Last month, five CCSD nurses were selected as 2015 Fellows for the Rutgers University/Johnson & Johnson School Health Leadership Program. The program, which included 60 nurses from around the country, touched on school and community health techniques and asked nurses to choose a particular ailment and craft a plan to address it. The CCSD team chose asthma, an issue Oro said is a serious problem and leads to missed classes for afflicted students.
Oro said CCSD has more than 5,200 students with asthma and last school year, those students visited a nurse's office more than 18,000 times because of asthma and respiratory issues. The asthmatic students in CCSD could fill more than 100 school buses, she said.
Oro said the group is in the early stages of their program so they aren't sure what it will look like yet, but they plan to meet with officials from the state and other districts to craft a plan that can help students avoid asthma attacks instead of just responding with an inhaler when a student has an attack.
"Not just a response or a rescue med, but what can we do to really help these kids," she said.

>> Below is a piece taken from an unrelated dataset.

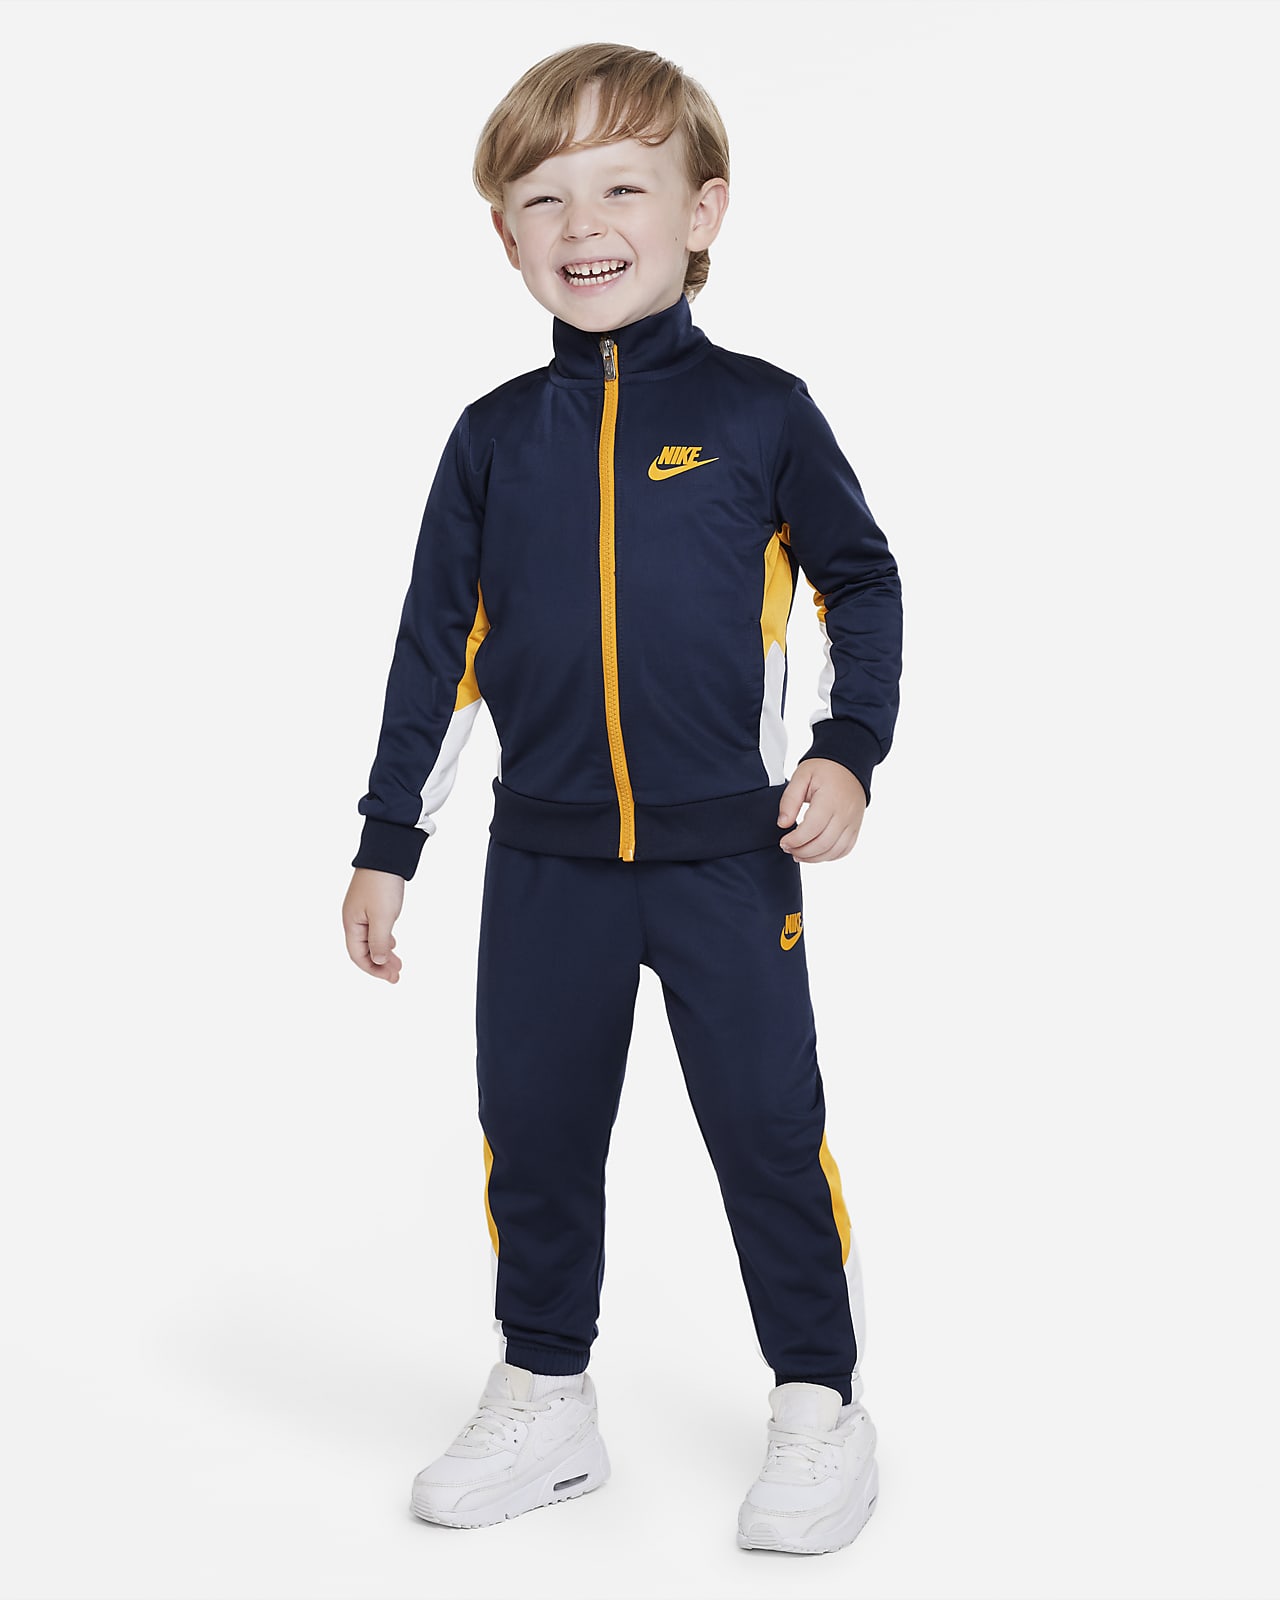 Nike Toddler Tracksuit

With about one nurse for every 691 students — compared to the state average of one for every 2,000 — Oro said the district is well-positioned to tackle those sorts of issues.
Often, Oro said, in impoverished communities where students lack access to health care, the school nurse is the only consistent health care provider they see.
"We know that when we can address health needs of students in the school setting, and provide that continuity of care between home and school, our kids stay in school and they attend to their instruction," she said.